O fato concreto é que Bolsonaro, com apenas dois anos de exercício de seu primeiro mandato, tornou-se, na prática, já um “pato manco”, expressão que designa um presidente desempoderado, refém das forças políticas à sua volta e a quem somente resta aguardar o fim do mandato, no tempo regular ou antecipadamente. O problema é que ele não é um “pato manco” normal, daquele que se conformará com essa situação. Fosse assim, e com um pouco de sorte, se arrastaria até 2022, desde que cedesse às vontades do centrão. Esse não parece ser o modus operandi do presidente. Se seguir seus instintos, que é como costuma agir, sem reflexão e sem consideração pelos resultados, tentará de todo modo se fortalecer no poder. Como possivelmente não encontrará ressonância institucional para suas aspirações totalitárias, é muito possível, dados a sua personalidade e o seu histórico de vida pública, que busque alternativas fora do estado de direito e da estrita legalidade para atingir seus objetivos. Sua força, como é notório, não provém do apego às instituições democráticas, Ele se sente amparado pelo poder bélico que supõe deter grupos paramilitares ilegais (milicianos) e parcela rebelde de integrantes das forças armadas e das forças policiais dos estados que não se submetem ao estrito cumprimento de suas obrigações constitucionais. Pode ser coisa de sua cabeça ou não. Pelo sim, pelo não, não vale a pena dobrar essa aposta.
A partir de agora, enfraquecido politicamente e com sua rejeição popular aumentando a cada dia em função do pouco caso com a pandemia e ante um número cada vez maior de mortos decorrentes de sua incúria como administrador público, Bolsonaro se moverá em função de uma ira decorrente da frustração de seus desejos totalitários. Perseguirá ferozmente seu Reichstag. Ele aparenta desejar muito ser chamado de “Mito” ou “Líder” e gozar o prazer de ver todos aqueles braços esticados em sua direção, quem sabe com algum símbolo de pertencimento nas mangas das camisas dos uniformes corretamente enfileirados.

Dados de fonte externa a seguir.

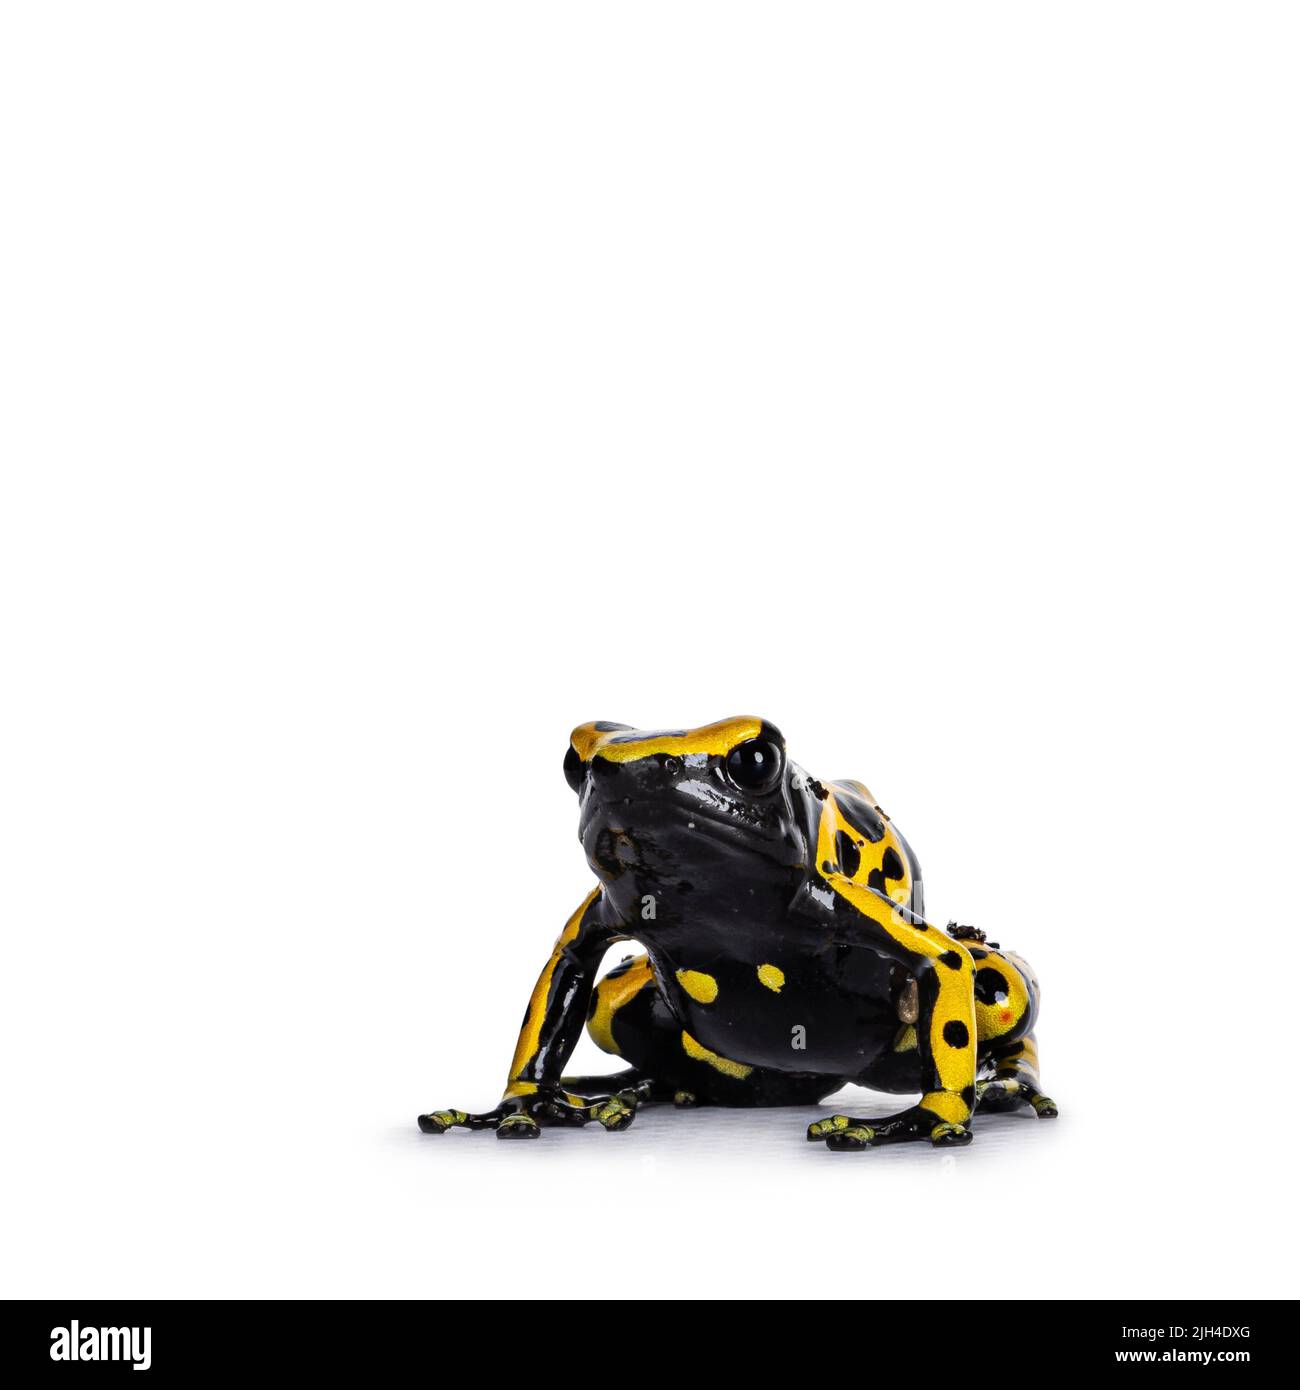 Colorful Yellow-banded Poison Dart Frog aka Dendrobates leucomelas, sitting up facing front. Isolated on a white background. Stock Photo

Por isso, mais do que nunca, toda a atenção aos seus movimentos será pouca. As instituições, Congresso e STF, mas também, e talvez principalmente, a parcela responsável das forças armadas e das polícias, não podem relaxar e, de modo nenhum, subestimar a capacidade do atual presidente de ir até as últimas consequências para manter o poder. Quanto aos irresponsáveis, devem ficar cientes de que as condições materiais não são mais as de 1964. A informação agora corre no espaço como um raio e se dissipa entre as pessoas como o vírus da covid. A resistência civil será muito maior e a repercussão internacional negativa responderá imediatamente a ataques à democracia. Não é mais Trump quem controla a maior armada do mundo. A loucura durará pouco e desta feita haverá punições. Não mais valerá a pena.
Na Alemanha, subestimaram Hitler logo no início de seu mandato e deu no que deu. Fiquemos atentos ao nosso imprevisível presidente.